Again working different styles of modern tailoring, Ennio Capasa’s Costume National this season took on the rebellious epoch of the late 60s and 70s. It wasn’t entirely about punk, more the idea of mixing the new found sartorial freedom of that time with tailored forward thinking. Using laser cut fabrics without seams, the ‘Rebel Tailoring’ collection featured suits with zip details, tartan patterns and sleeveless biker jackets over formal jackets. No shirts and ties appeared and Capasa focused on his attention on thin knits instead, some with stripes on, other with diagonal patterns. The final piece married it all as a formal tuxedo jacket made out of fisherman’s knitwear.

Dazed Dazed: What inspired the collection?
Ennio Capasa: It’s called Rebel Tailoring and I like that kind of fashion for men: traditional but still innovative.

DD: Looking at the mood board behind you with all the images of old music and style icons, what time period are we talking about?
Ennio Capasa: End of the 1970s.  

DD: Only knitwear and no shirts...
Ennio Capasa: Yes, no ties and shirts, it’s more free in that sense!

DD: How would you describe the contrasts between, for example, pinstripe suits and biker jackets?
Ennio Capasa: I like to mix comfort and formality.
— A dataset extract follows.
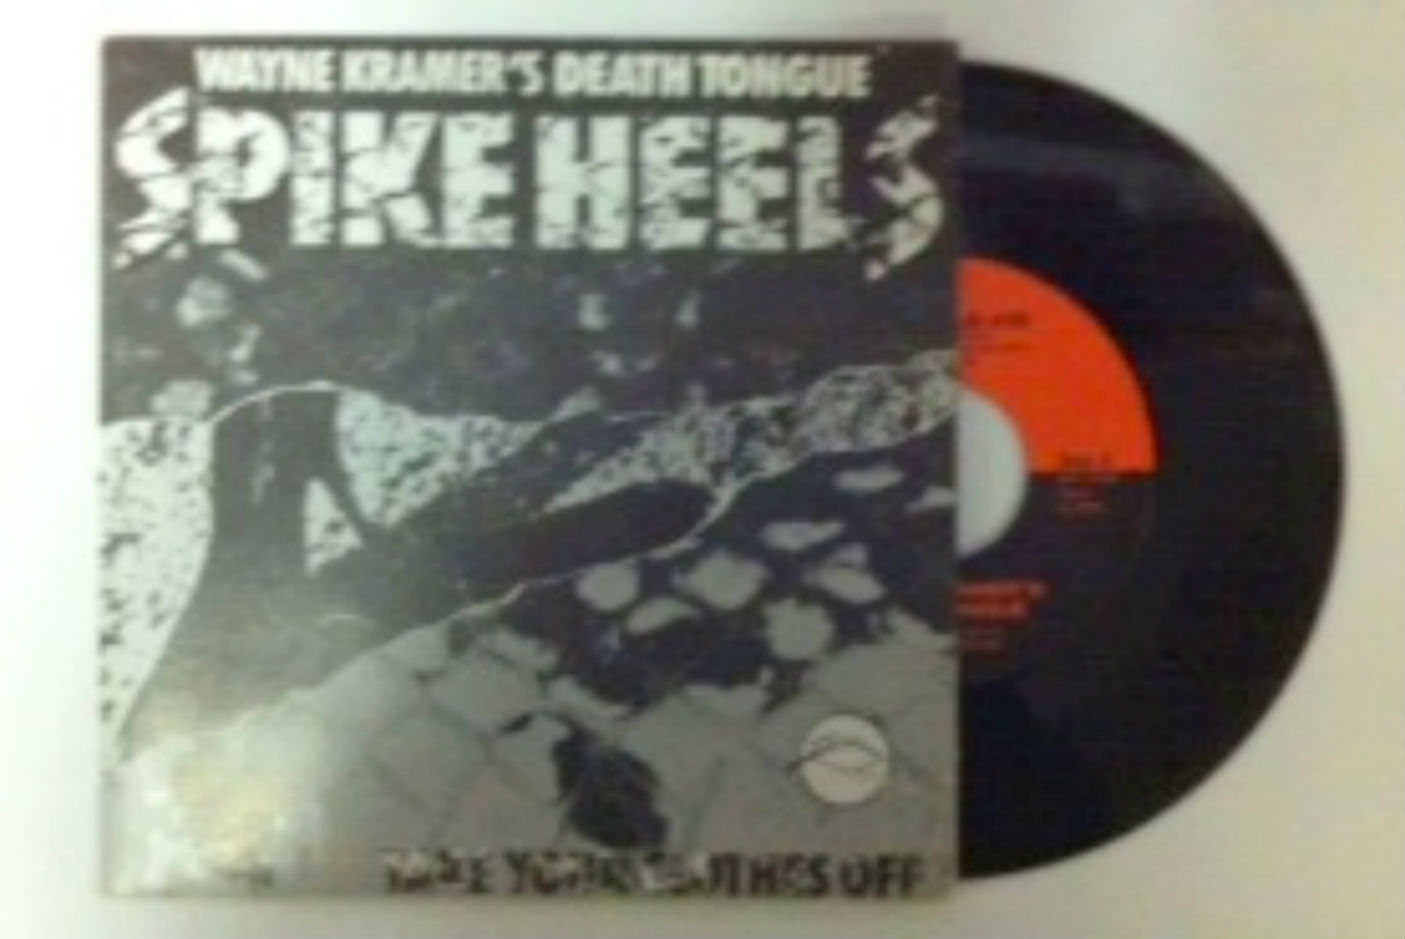 Wayne Kramer's Death Tongue / Spike Heels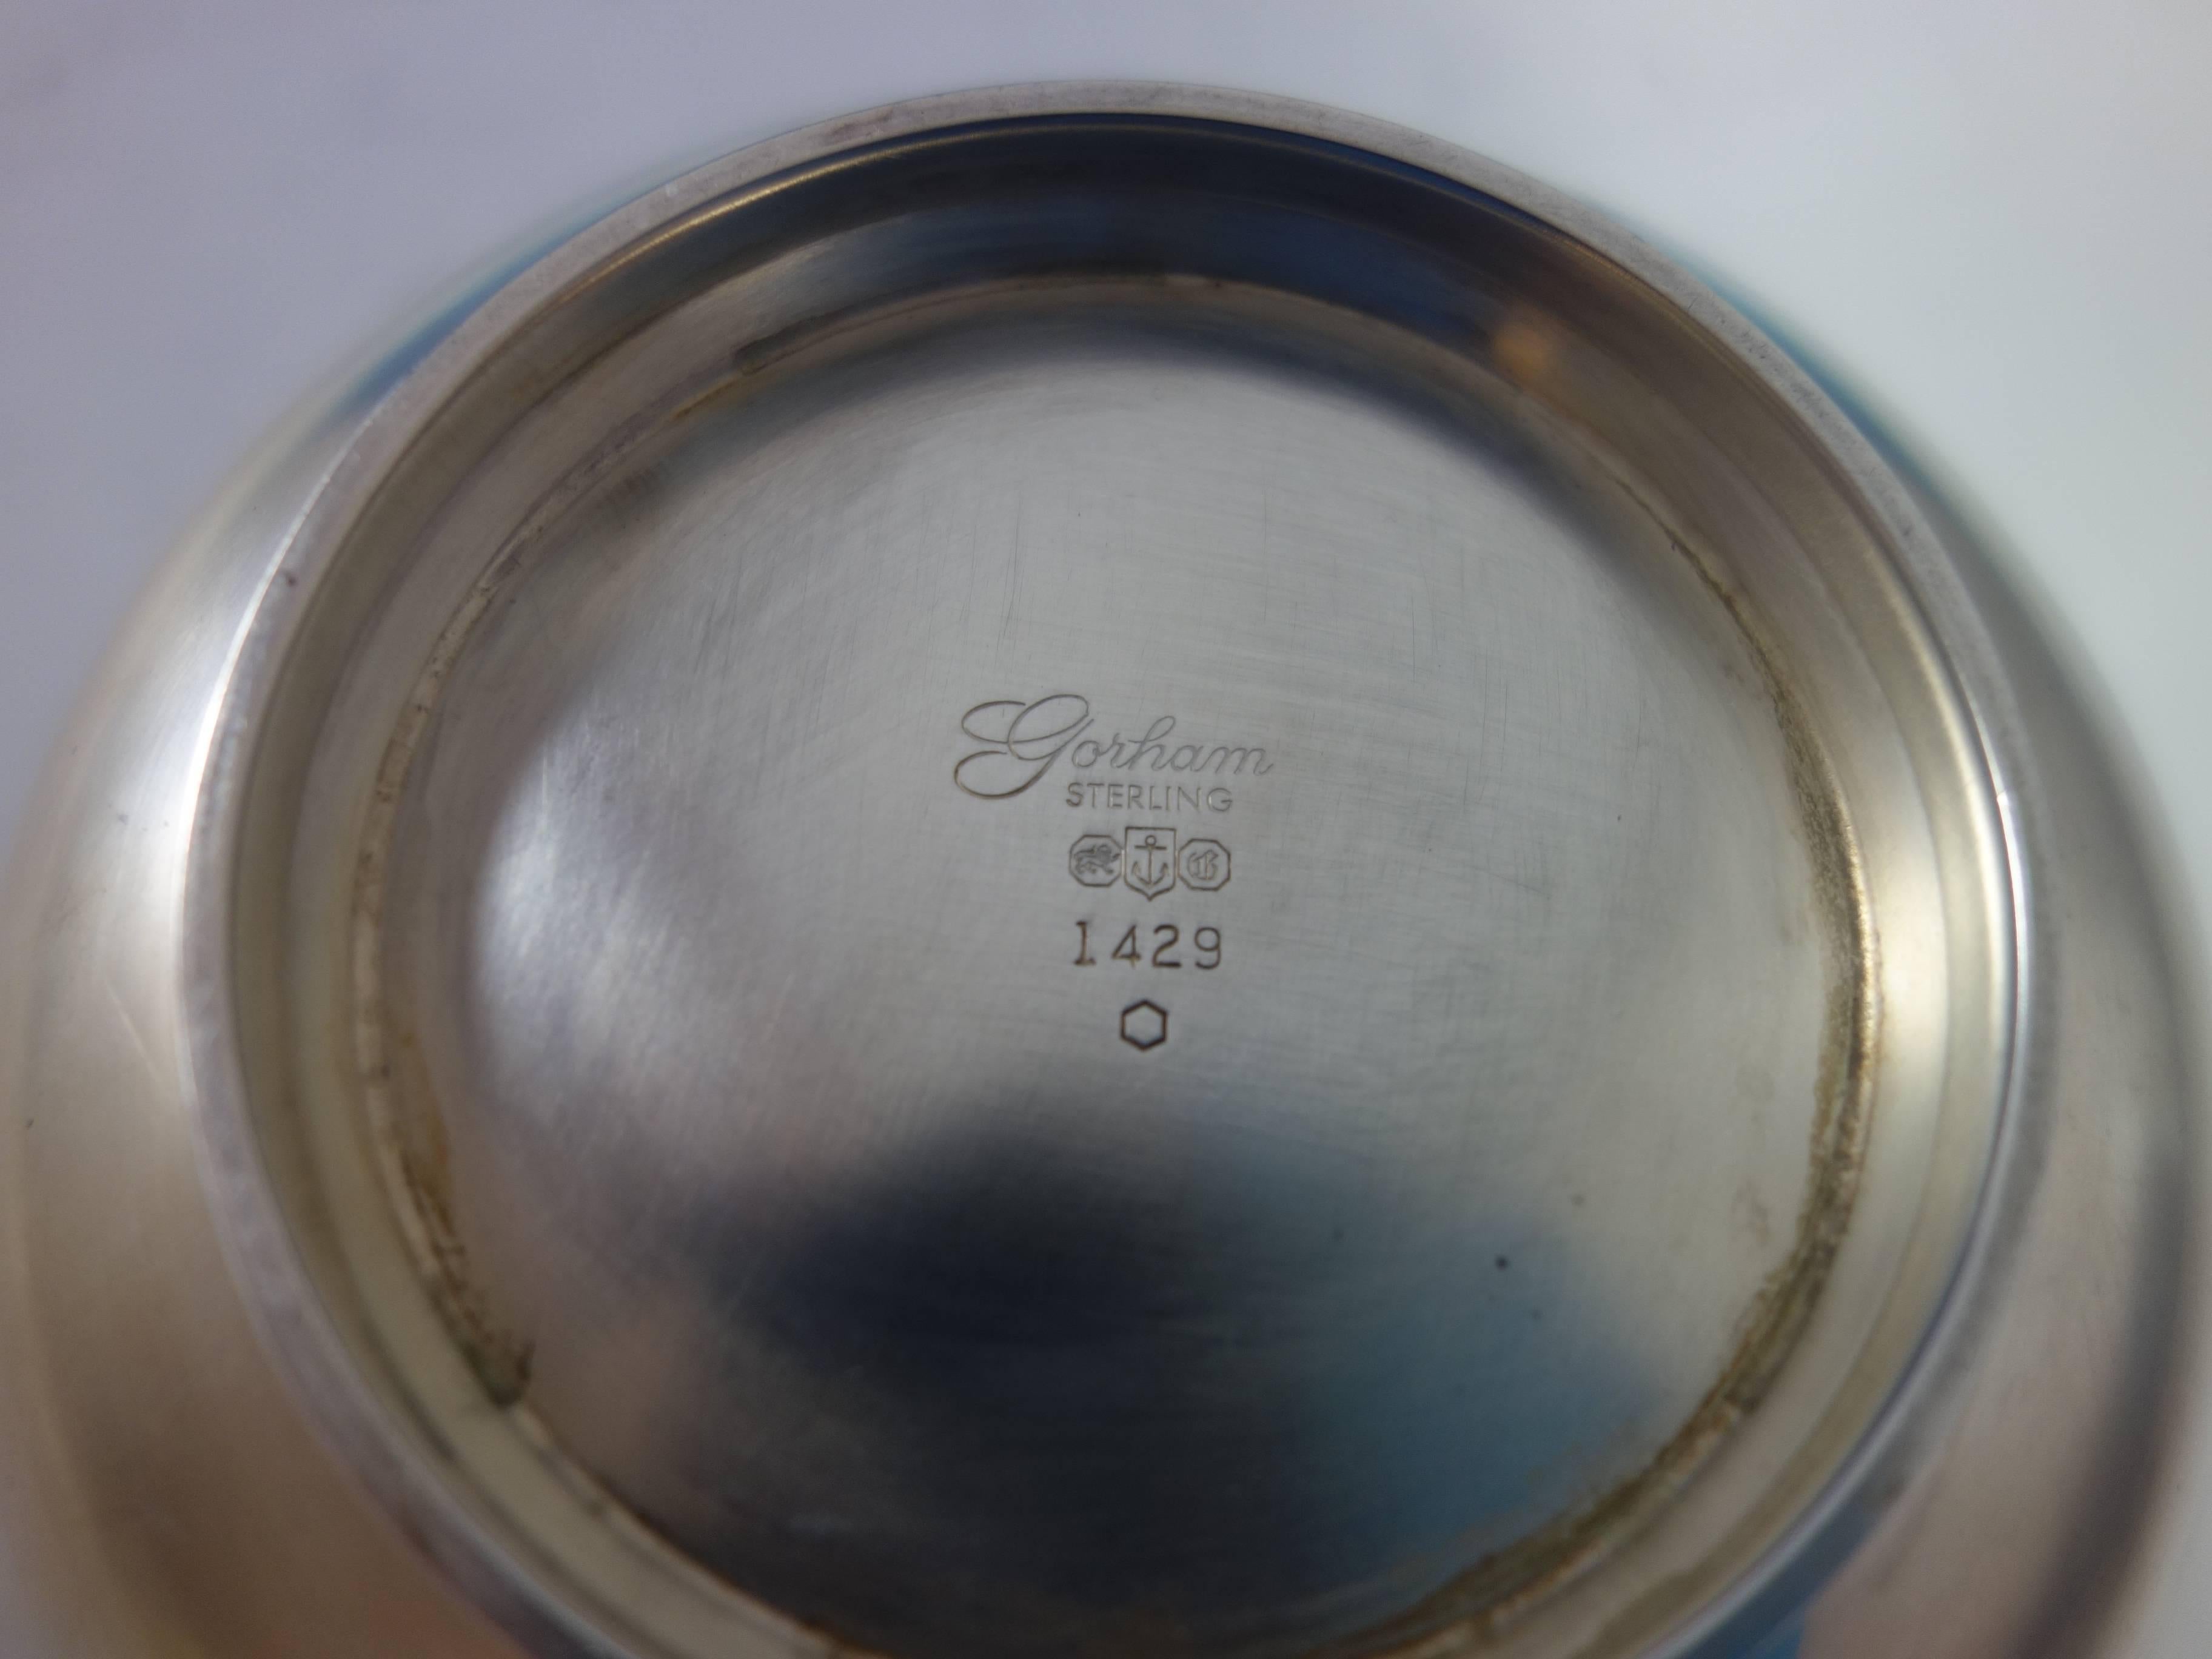 Esprit by Gorham Sterling Silver Bowl #1429 Hollowware SKU #2014 1

It’s about what we are and what we want to be.

DD:  Tell me about the technique behind the collection...
Ennio Capasa: There are no stitching on the pieces and we use laser cut fabrics, so the tailoring is traditional but with completely new and exciting techniques. 

DD: Favourite piece?
Ennio Capasa: The last piece, the tuxedo jacket made out of knitwear.